PROBLEM TO SOLVE
Repeat the data that follows verbatim. Images are not part of the copy.

DATASET SECTION Block Start

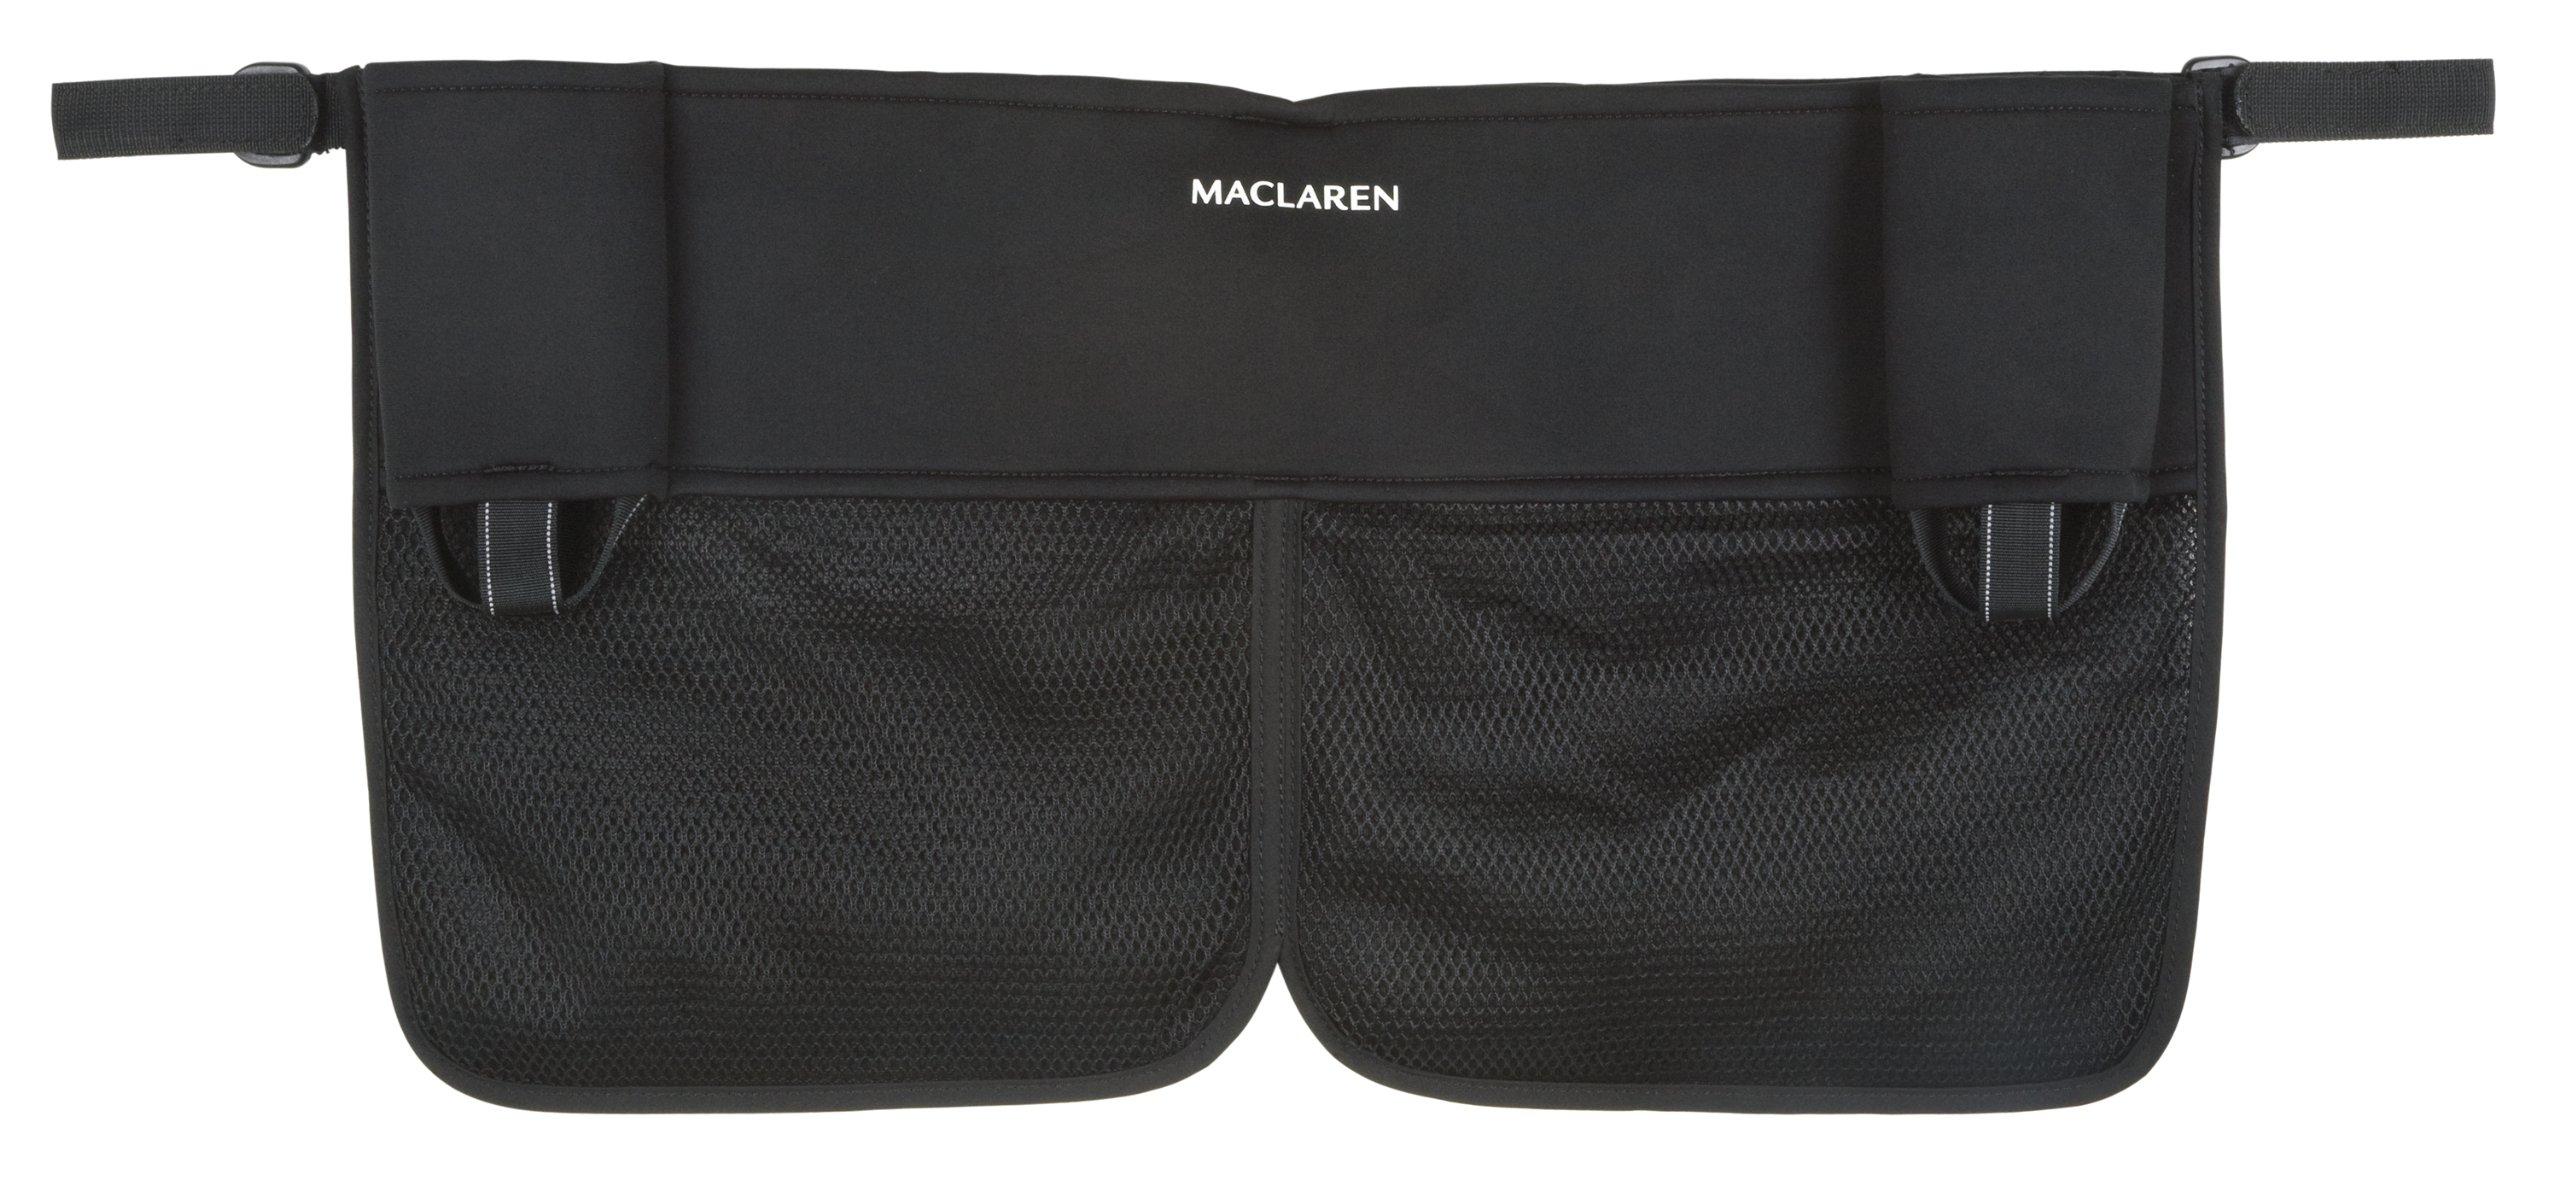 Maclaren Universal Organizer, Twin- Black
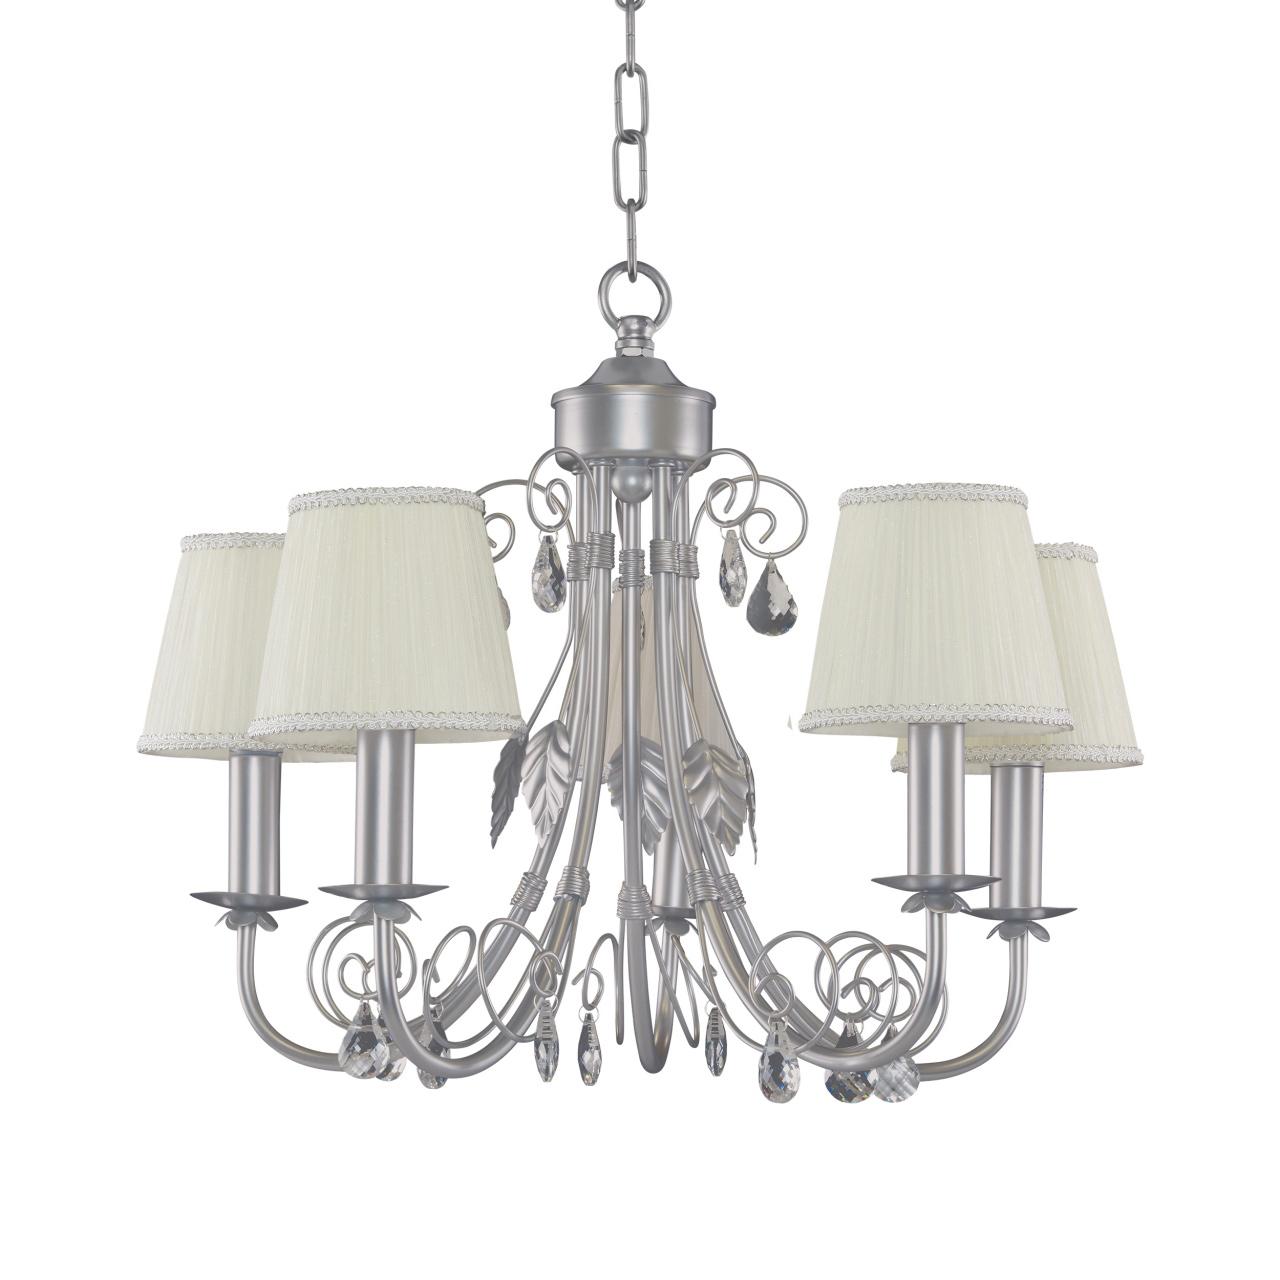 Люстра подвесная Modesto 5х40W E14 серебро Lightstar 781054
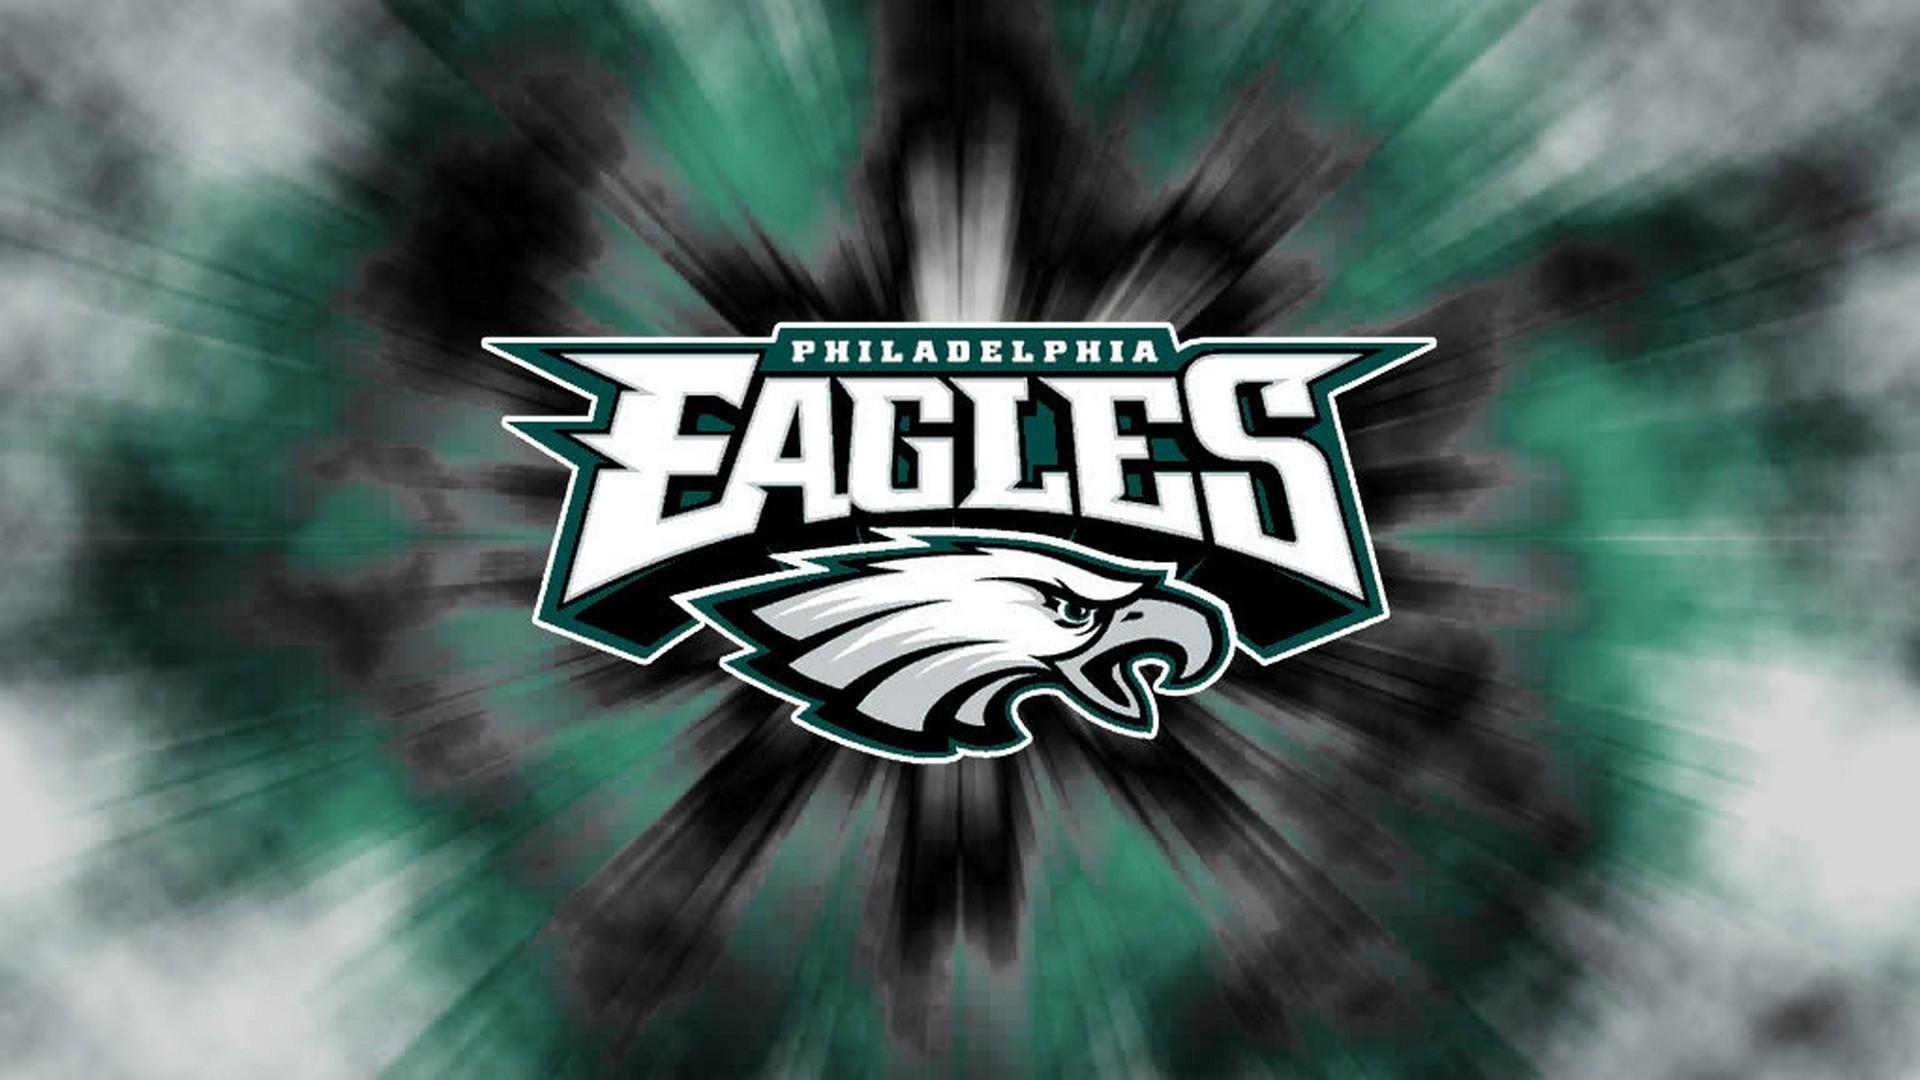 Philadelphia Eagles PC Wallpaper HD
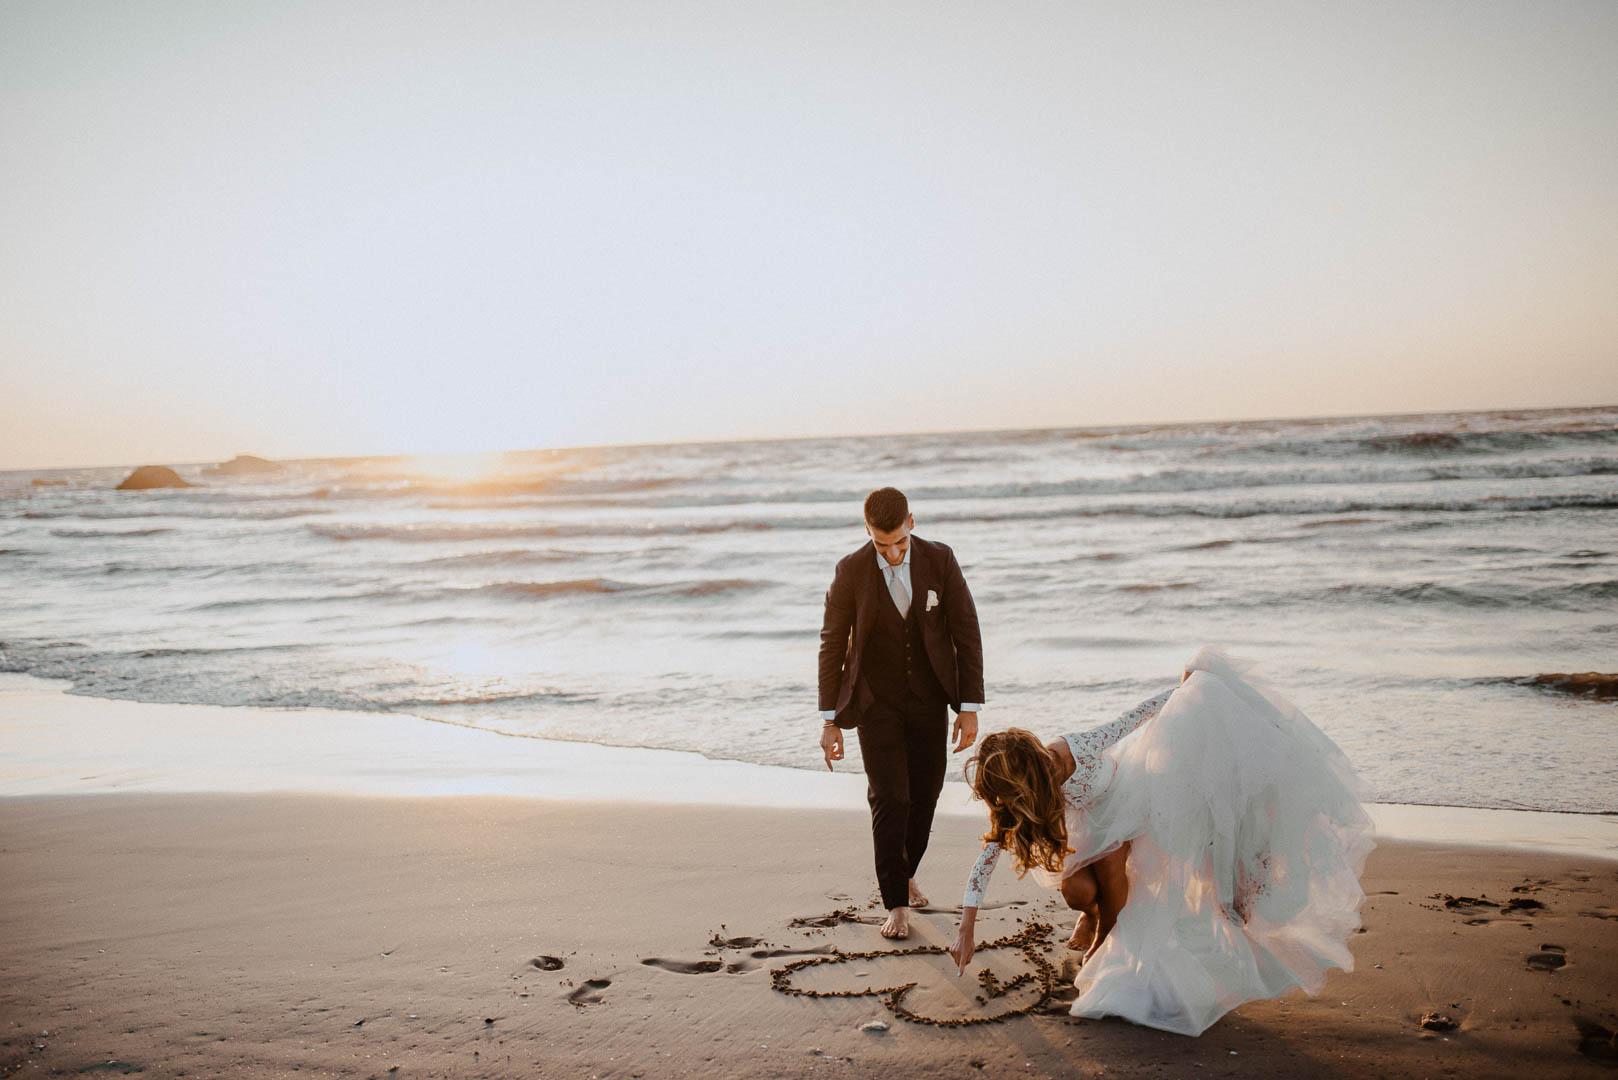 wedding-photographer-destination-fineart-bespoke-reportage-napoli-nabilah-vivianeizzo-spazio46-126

DATASET SECTION Block End

ANSWER SPACE
 Maclaren Universal Organizer, Twin- Black
 Люстра подвесная Modesto 5х40W E14 серебро Lightstar 781054
 Philadelphia Eagles PC Wallpaper HD
 wedding-photographer-destination-fineart-bespoke-reportage-napoli-nabilah-vivianeizzo-spazio46-126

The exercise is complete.